Quatre jours perdus dans la verticalité d’une face magique
Voilà, c’est reparti pour le troisième (et au risque de tuer tout suspense, il s’agit du dernier) opus de ce que je peux nommer pompeusement notre “trilogie”. Tout avait commencé en mai par une semaine de découverte de l’escalade en Big Wall (dont le compte rendu se trouve par ici) et avait continué par la mémorable ascension de Half-Dôme fin août (l’ascension de cette face que j’avais comparée à une charmante demoiselle fort peu vêtue et qui ne nous avait, à notre grand bonheur, pas résistés est relatée par ici). Dans la fin de cet épisode, j’annonçais déjà la suite imminente: après Half-Dôme, nous pouvions nous attaquer au mythe de la vallée du Yosémite: EL CAPITAN ! Le nom en tant que tel fait déjà frémir plus d’un grimpeur aguerri. Cette face de près de 1000 mètres de verticalité est tout simplement un mythe dans le milieu de l’escalade! Elle en aura fait rêver plus d’un… rêve impossible pour certains et que nous avons décider d’affronter. L’expérience acquise lors de nos précédents séjours dans le Yosémite nous semblait maintenant suffisante que pour attaquer ce monstre de granit.

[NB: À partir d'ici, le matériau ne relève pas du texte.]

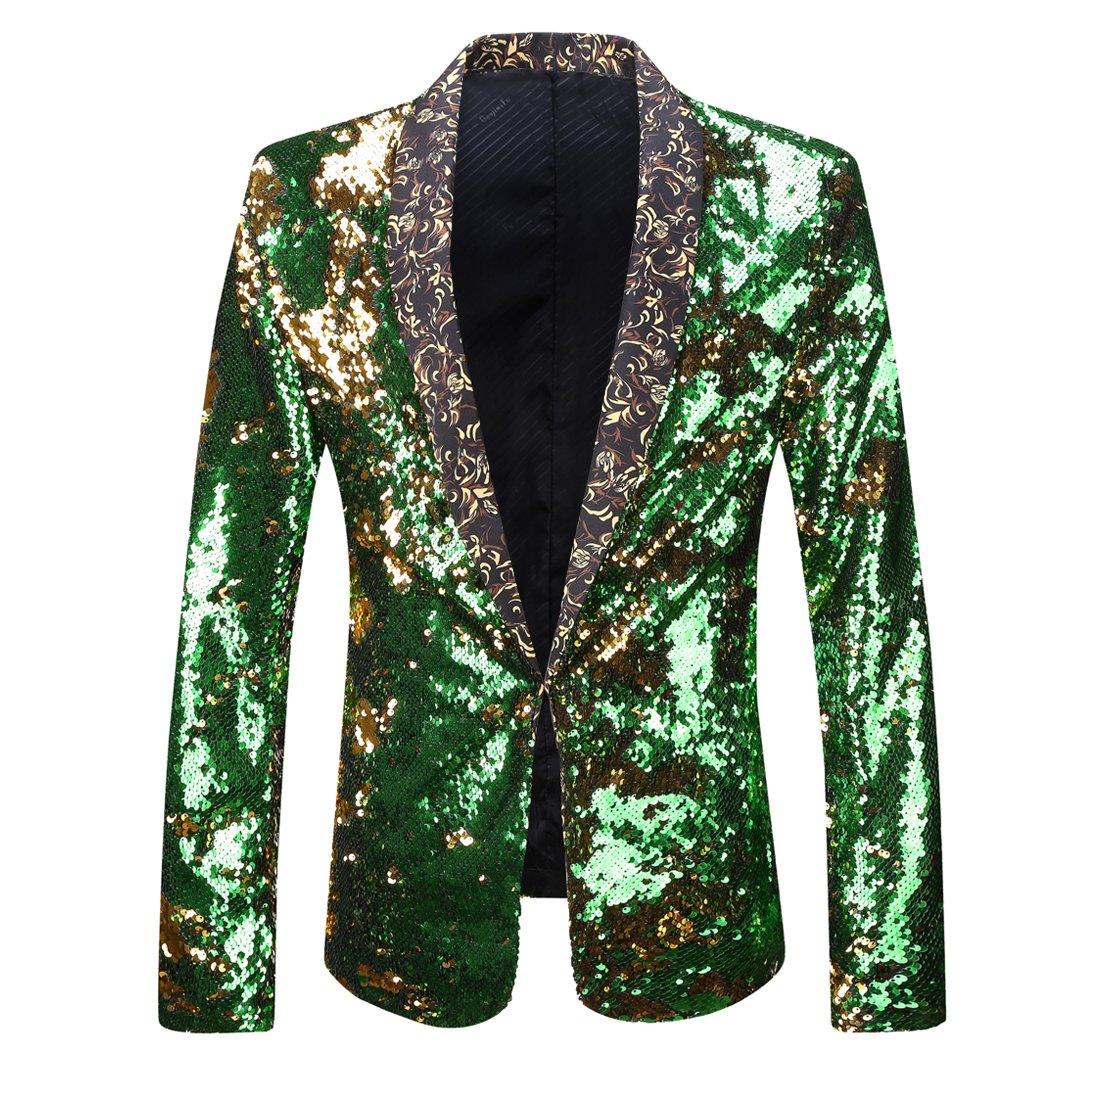 PYJTRL Men Stylish Two Color Conversion Shiny Sequins Blazer Suit Jacket

Le choix de la voie s’est opéré de lui-même: nous allons suivre la voie mythique du NOSE… première voie gravie sur cette face en 1958 par Warren Harding. Cette voie est également la plus abordable des voies qui se grimpent “principalement” en libre. Elle attaque El Cap à l’endroit où le dénivelé est le plus important et serpente dans la face pour profiter des lignes de faiblesse du rocher. Cette voie comporte plusieurs longueurs tout simplement mythiques: la terrifiante cheminée de Texas Flake, l’énorme pendule “King Swing”, le “Great Roof” (énorme toit à environ 700 mètres de haut), … Personnellement, c’est autour de mes 12 ans que j’ai entendu parler pour la première fois de cette voie de légende ; lors de mes débuts de grimpeur lorsque je faisais mes premiers pas en falaise avec le CRAJ et qu’un certain Tiki nous racontait comment dans le Yosémite une certaine voie requerrait plusieurs jours d’ascension et même la nécessité d’effectuer d’importants et d’impressionnants pendules… 17 années plus tard (mon dieu que le temps passe vite…), m’y voilà!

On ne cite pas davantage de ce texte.